When the original Etherlords arrived on the scene two years ago, it caused a bit of a stir. Mainly because it was the first turn-based strategy game set in a fantasy universe that didn't feature graphics straight from Satan's bottom. Two years later, it's back - and while the visuals haven't changed a great deal, they still look as good as they did two years ago. No doubt you'll be wondering what has changed, what can be counted as new and what the hell the developers have been doing for the last two years. The answer, in a nutshell, is not a lot'.


That said, the gameplay has been slimmed down somewhat in Etherlords II. The traditional top-down turn-based adventure and resource gathering section is gone, replaced by simplified real-time exploration. The developer claims it wanted to take some of the complexity out of the game, but what it's actually done is taken all the complexity out. There's very little to do now between battles except follow a linear path, talking to the occasional NPC, buying spells in shops and tiresomely picking up whatever resources are left in your tracks. The entire game is now geared towards getting you into the next battle with a minimum of fuss.
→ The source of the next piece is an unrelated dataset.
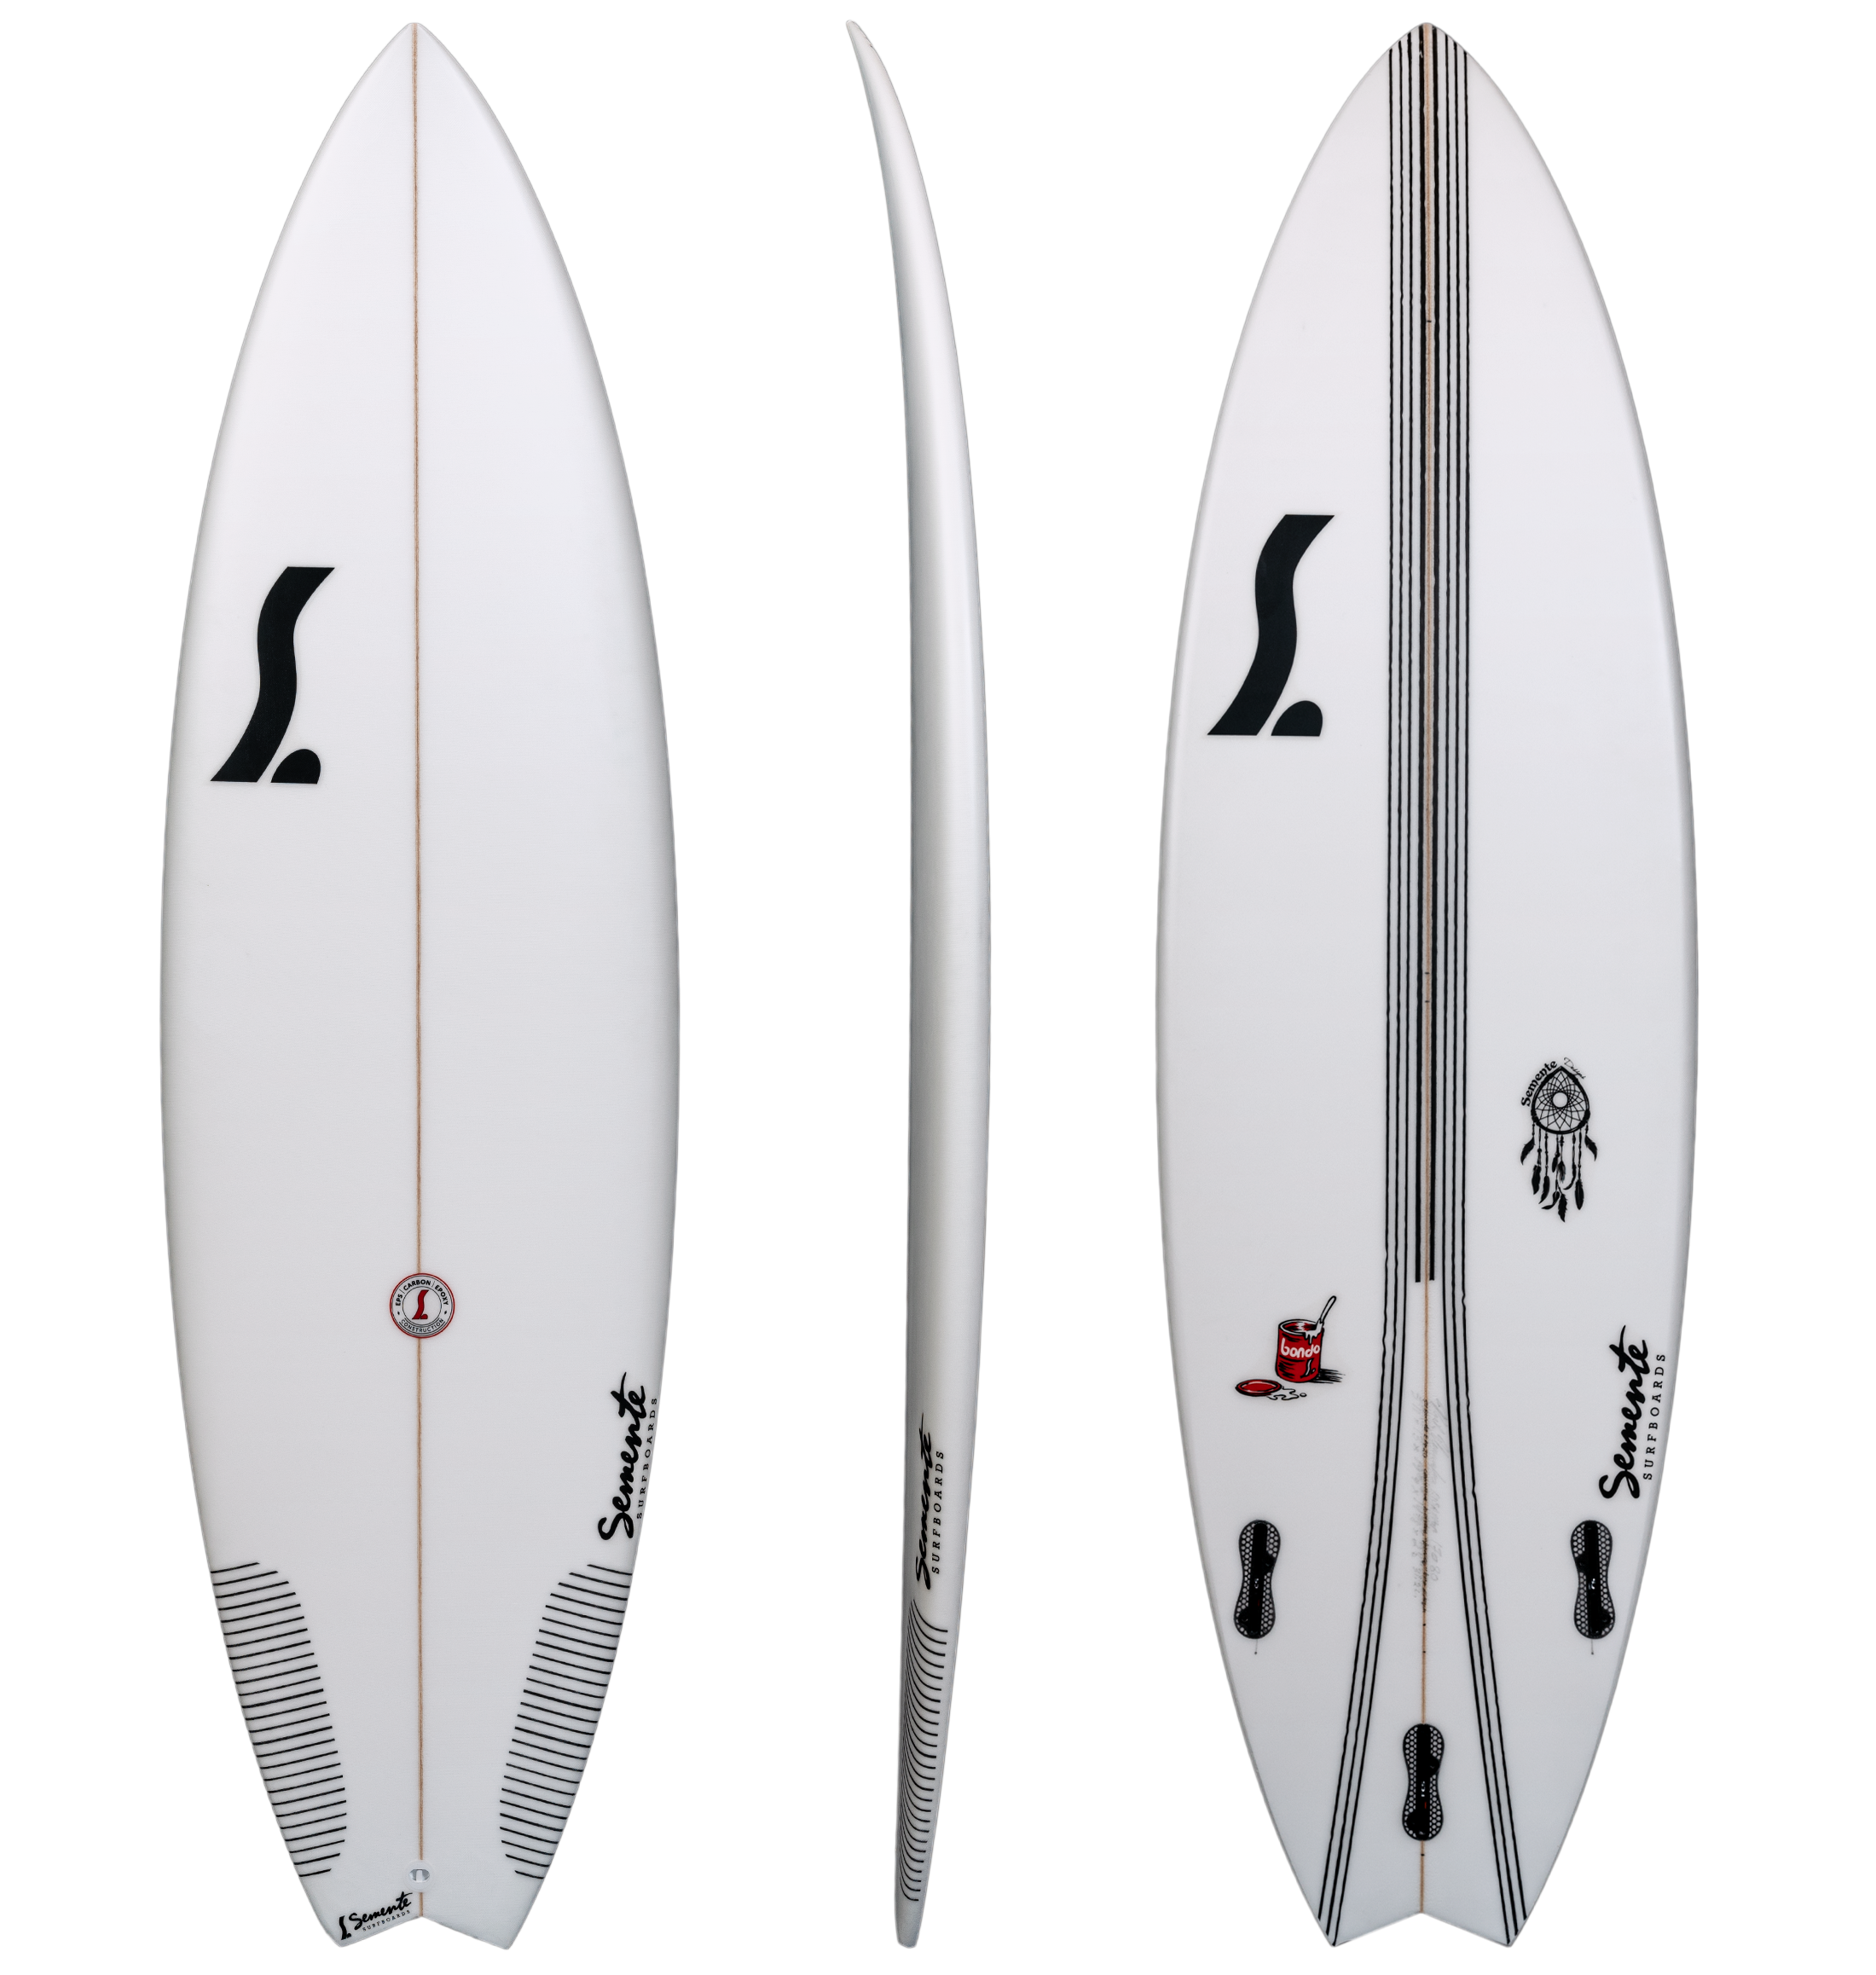 Bondo EPS semente surfboard model

This in itself may have been acceptable if it wasn't for the fact the adventure interludes are as dull as they are unavoidable, and the introduction of some of the worst voiceovers ever in a PC title certainly doesn't help either. The actors who supplied the voices appear to change their minds mid-sentence as to whether they're English, Scottish, Irish or just some wacky hybrid of all three. What's more, while it's fairly hilarious the first time you hear them, you'll soon find yourself turning off the sound till you get to the combat sections.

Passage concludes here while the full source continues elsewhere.